Problem details:
Retype the data below verbatim; pictures do not belong in the copy.

*** Opening of Given information ***

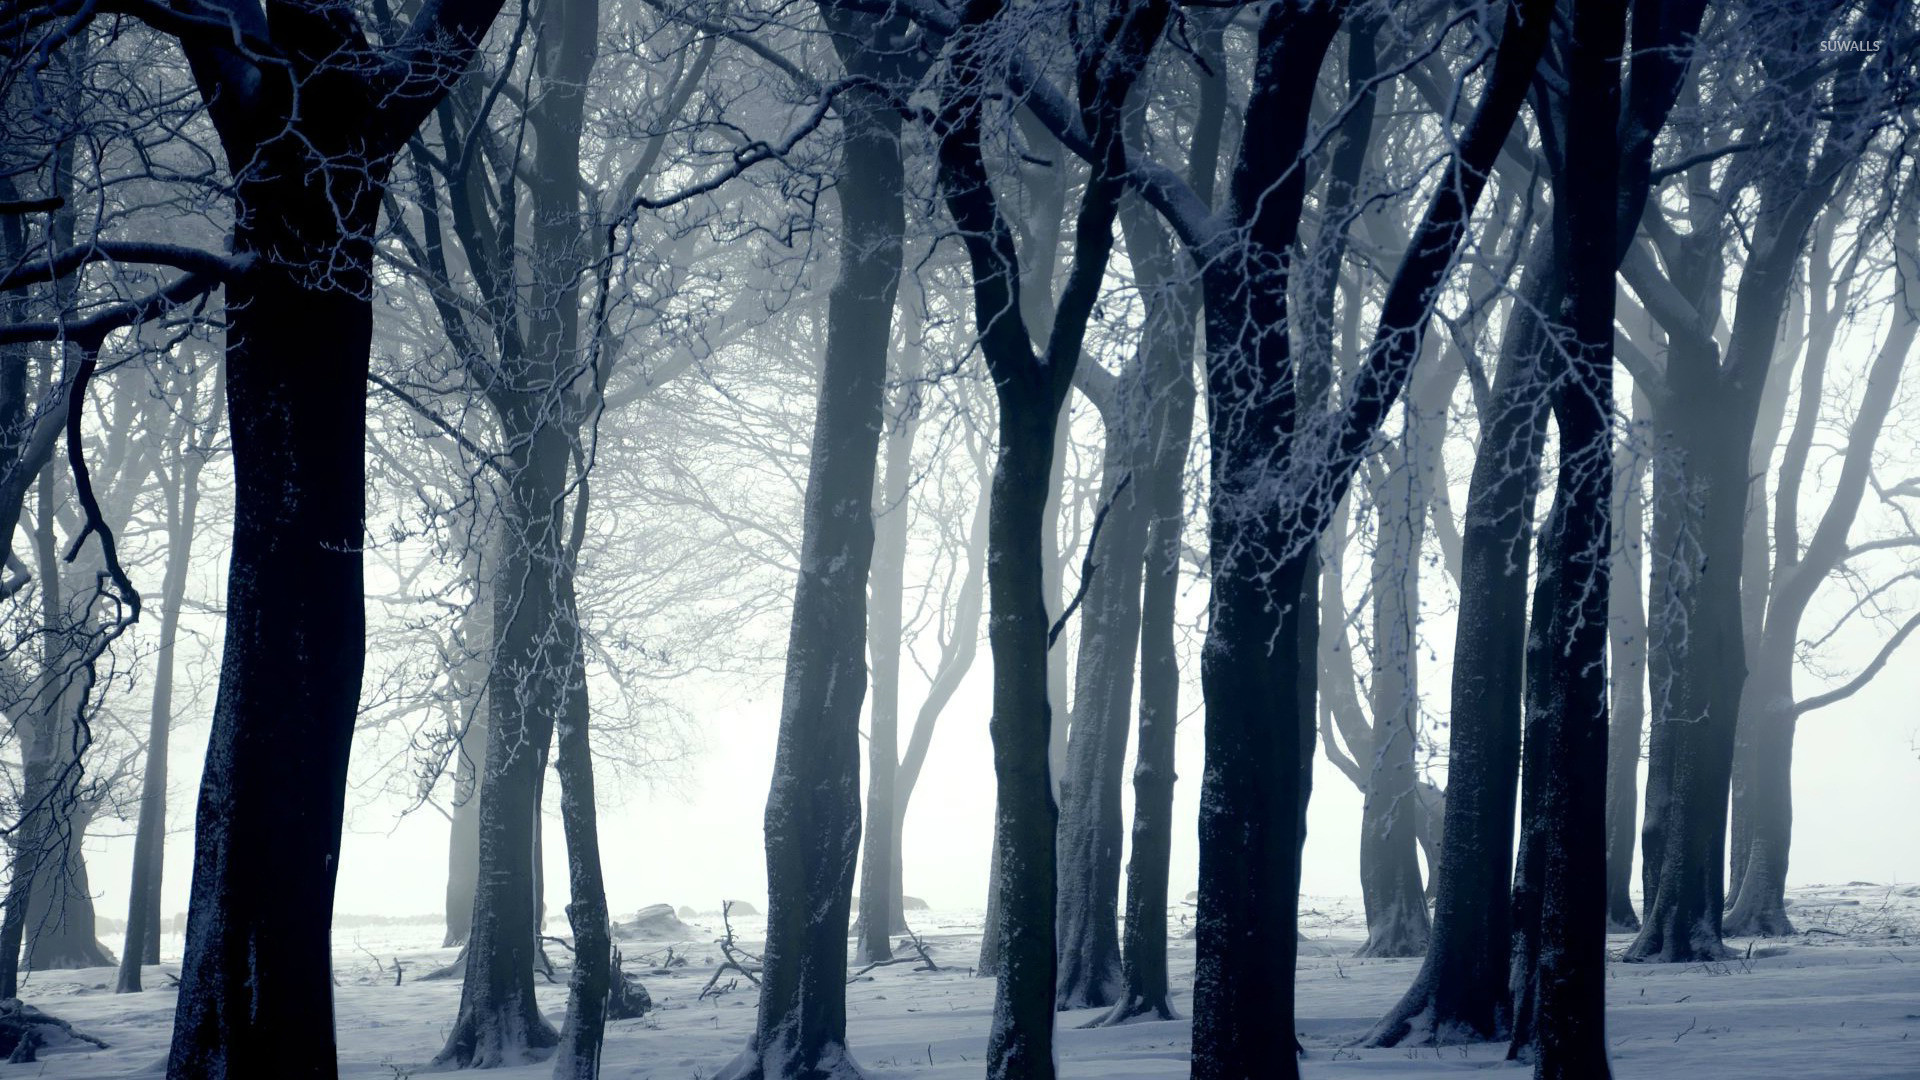 1920x1080  Dark forest in winter wallpaper Â· Download Â· Download.
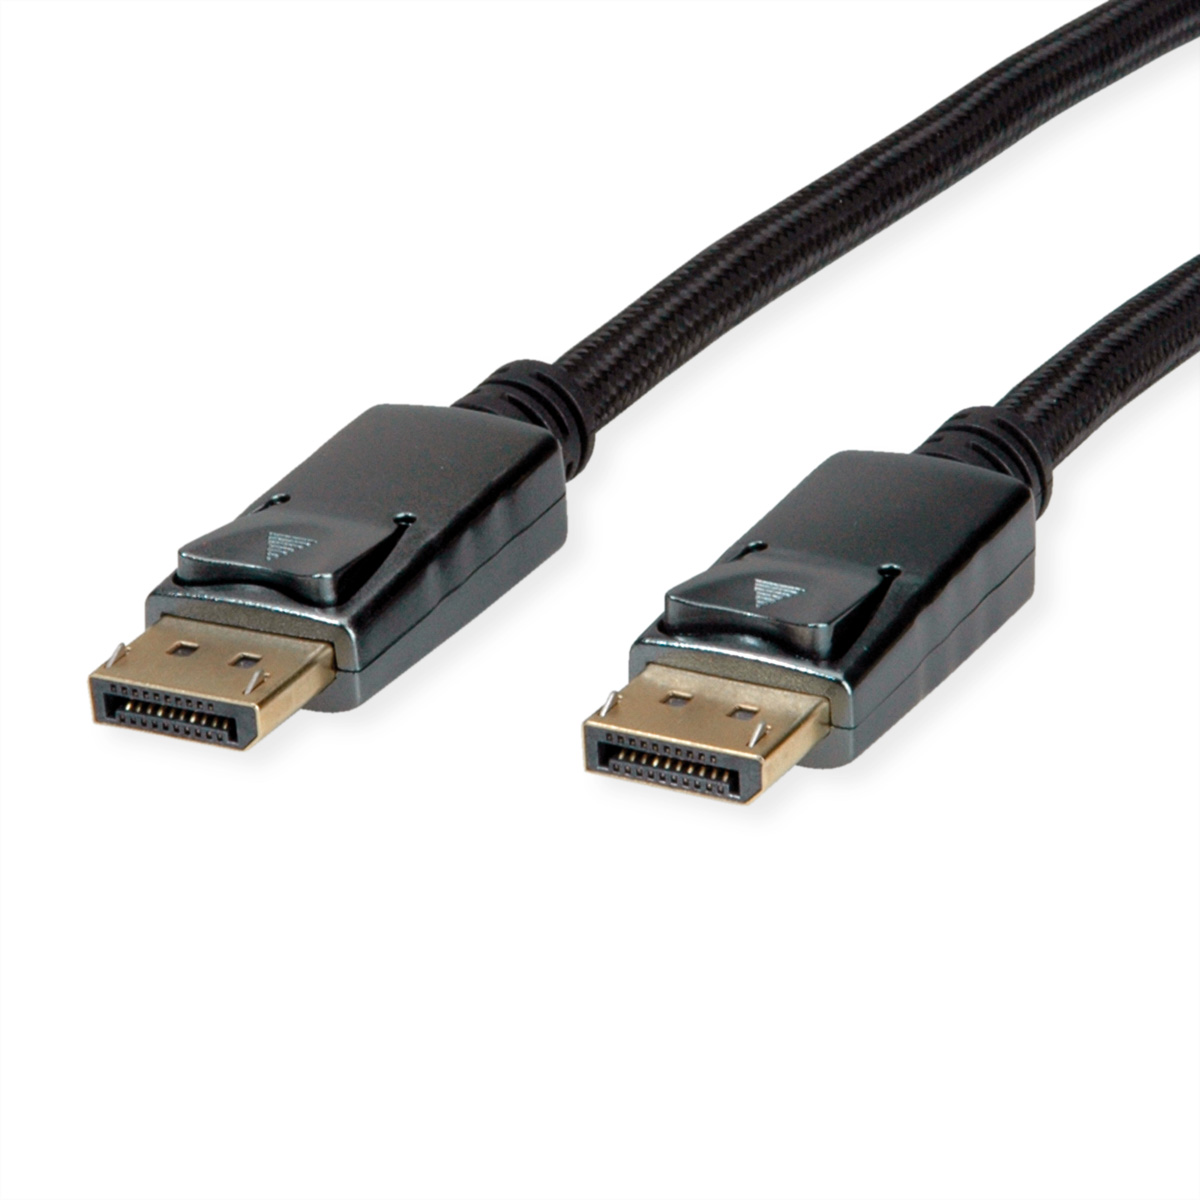 ROLINE DisplayPort Kabel, v1.4, DP ST - ST, schwarz / silber, 3 m
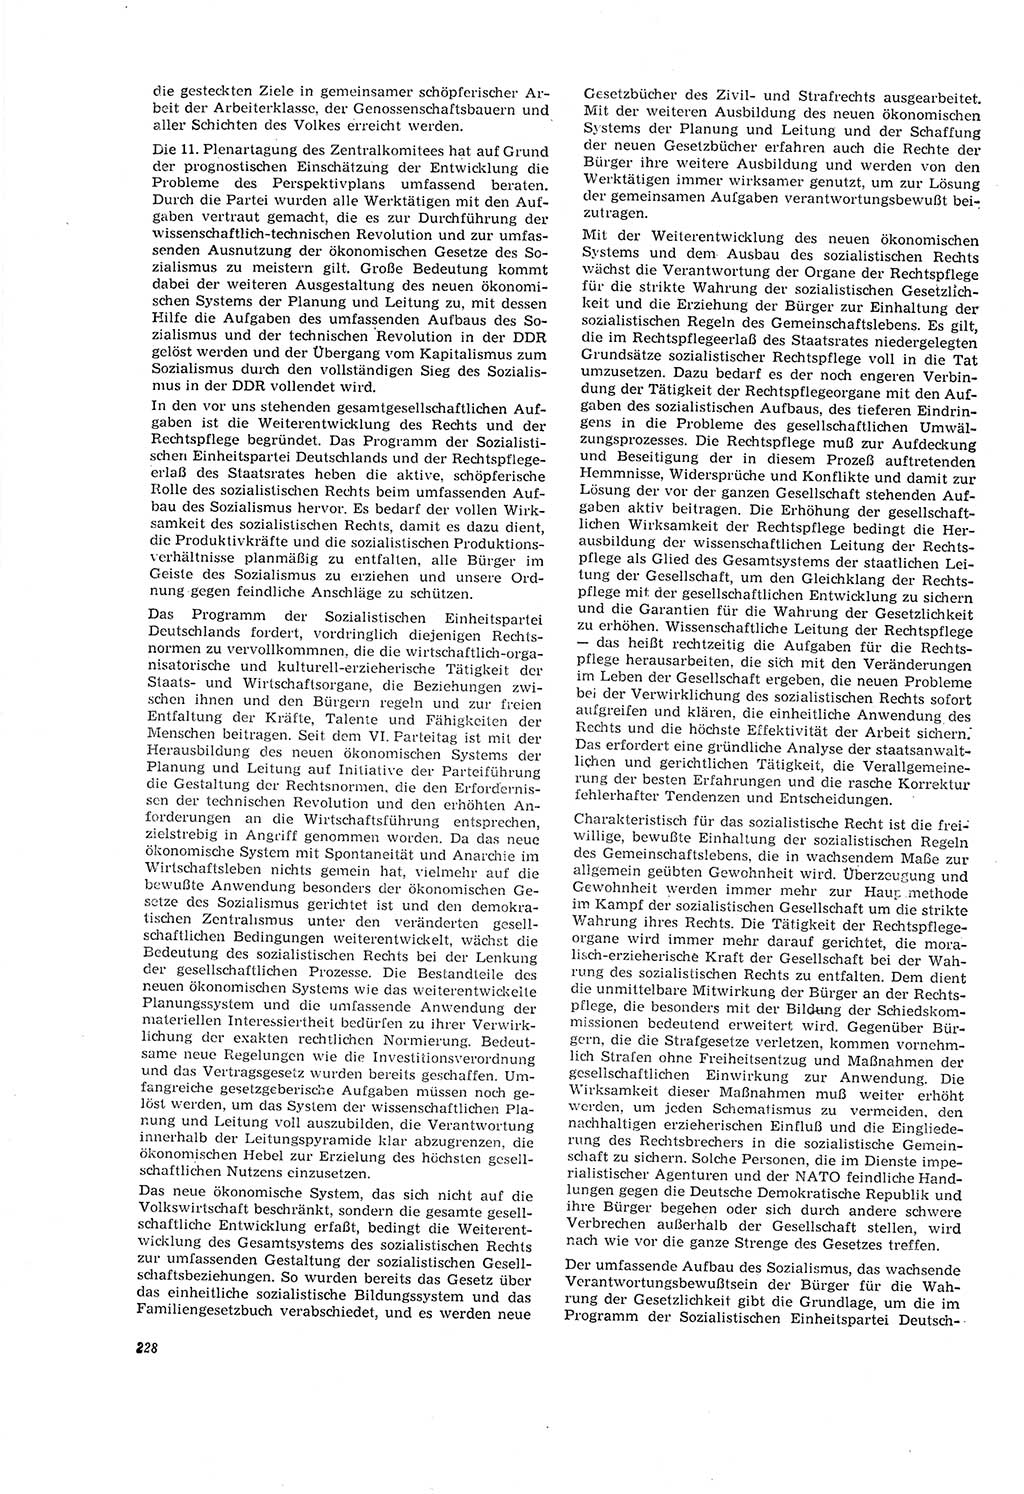 Neue Justiz (NJ), Zeitschrift für Recht und Rechtswissenschaft [Deutsche Demokratische Republik (DDR)], 20. Jahrgang 1966, Seite 228 (NJ DDR 1966, S. 228)

*** Close of Given information ***

Task result:
 1920x1080  Dark forest in winter wallpaper Â· Download Â· Download.
 ROLINE DisplayPort Kabel, v1.4, DP ST - ST, schwarz / silber, 3 m
 Neue Justiz (NJ), Zeitschrift für Recht und Rechtswissenschaft [Deutsche Demokratische Republik (DDR)], 20. Jahrgang 1966, Seite 228 (NJ DDR 1966, S. 228)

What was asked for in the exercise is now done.